Militärische Doktrin und Praxis
In vielen Armeen dieser Epoche wurde das Bajonett primär für den Nahkampf eingesetzt. Es wurde oft erst auf Befehl aufgepflanzt, insbesondere vor einem geplanten Angriff oder zur Verteidigung gegen feindliche Kavallerie. Das ständige Aufpflanzen des Bajonetts konnte die Handhabung der Muskete erschweren und das Nachladen verkomplizieren. Allerdings gibt es Hinweise, dass in einigen Armeen, wie der preußischen, das Bajonett häufig dauerhaft aufgepflanzt blieb. Eine Verfügung Scharnhorsts besagte, dass bei der Infanterie das Bajonett stets auf den Gewehren verbleiben sollte, um die ledernen Scheiden einzusparen, da Leder in dieser Zeit Mangelware war. Tabletop DeutschlandPraktische Auswirkungen
Ein aufgepflanztes Bajonett veränderte das Gleichgewicht der Muskete und konnte das Zielen und Schießen beeinträchtigen. Zudem bestand ein erhöhtes Verletzungsrisiko für den Schützen und seine Kameraden. Dennoch bot das aufgepflanzte Bajonett einen sofortigen Schutz gegen plötzliche Nahkampfangriffe, was in unübersichtlichen Gefechtssituationen vorteilhaft sein konnte.

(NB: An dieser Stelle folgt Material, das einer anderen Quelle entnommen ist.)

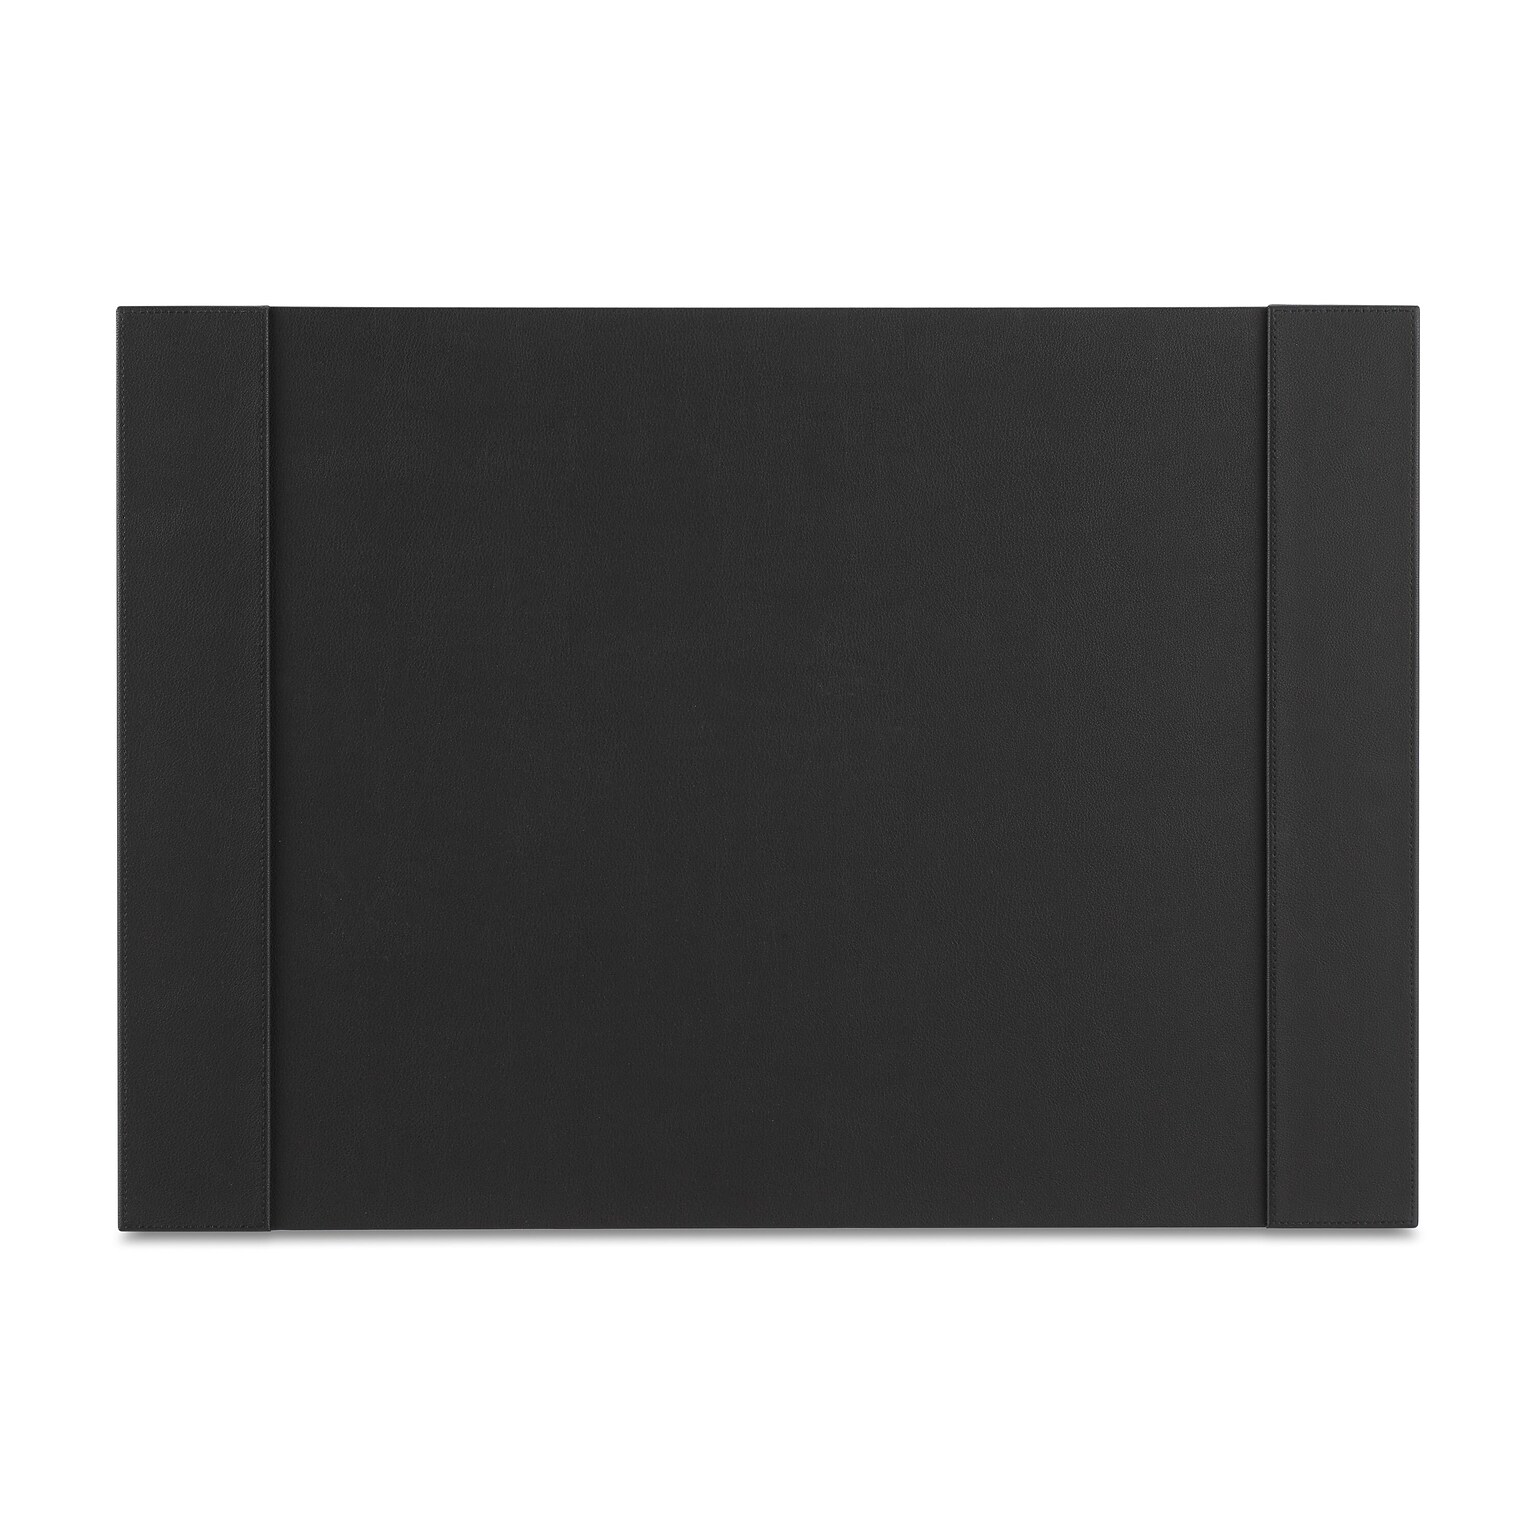 Staples Refillable Faux leather Desk Pad with Side Rail, 24 x 17, Black (ST45058-CC)

Unterschiede zwischen Nationen
Die Praxis variierte zwischen den Nationen. Während in der preußischen Armee das Bajonett oft dauerhaft aufgepflanzt blieb, Tabletop Deutschland könnten andere Armeen, wie die französische oder britische, das Bajonett nur auf Befehl aufgepflanzt haben. Diese Unterschiede spiegelten sich in den jeweiligen militärischen Doktrinen und verfügbaren Ressourcen wider.Darstellung in historischen Gemälden
Zeitgenössische Gemälde zeigen oft Szenen mit aufgepflanzten Bajonetten, insbesondere in Momenten des Angriffs oder der Verteidigung. Ein Beispiel ist das Gemälde "Einzug der französischen Armee unter dem Kommando von General Miollis in Genua am 24. Juni 1800" von Jean François Hue, das Soldaten mit aufgepflanzten Bajonetten zeigt. Allerdings sind solche Darstellungen oft dramatisiert und spiegeln nicht unbedingt den Alltag der Soldaten wider.
Die 'Rule of Cool'
In der Welt der Miniaturen und Tabletop-Spiele spielt die Ästhetik eine entscheidende Rolle. Figuren mit aufgepflanzten Bajonetten wirken dynamischer und kampfbereiter, was dem Spiel und der Darstellung eine besondere Atmosphäre verleiht. Daher entscheiden sich Hersteller oft für diese Darstellung, um den visuellen Reiz zu erhöhen.
Quellenanalyse
Antoine-Henri Jomini, ein Militärtheoretiker der napoleonischen Ära, bemerkte, dass Bajonettangriffe oft dazu führten, dass der Feind floh, bevor es zum eigentlichen Nahkampf kam. Dies unterstreicht die psychologische Wirkung des Bajonetts, unabhängig davon, ob es tatsächlich zum Einsatz kam. WikipediaFazit
Die Praxis des Aufpflanzens von Bajonetten während der Napoleonischen Kriege hing von verschiedenen Faktoren ab, darunter nationale Doktrinen, taktische Überlegungen und praktische Notwendigkeiten. In der Darstellung von Miniaturen spielt zudem der ästhetische Aspekt eine bedeutende Rolle, was die häufige Darstellung mit aufgepflanzten Bajonetten erklärt."
QUELLE: chat-gpt
Dies soweit für heute. Schönen Sonntag!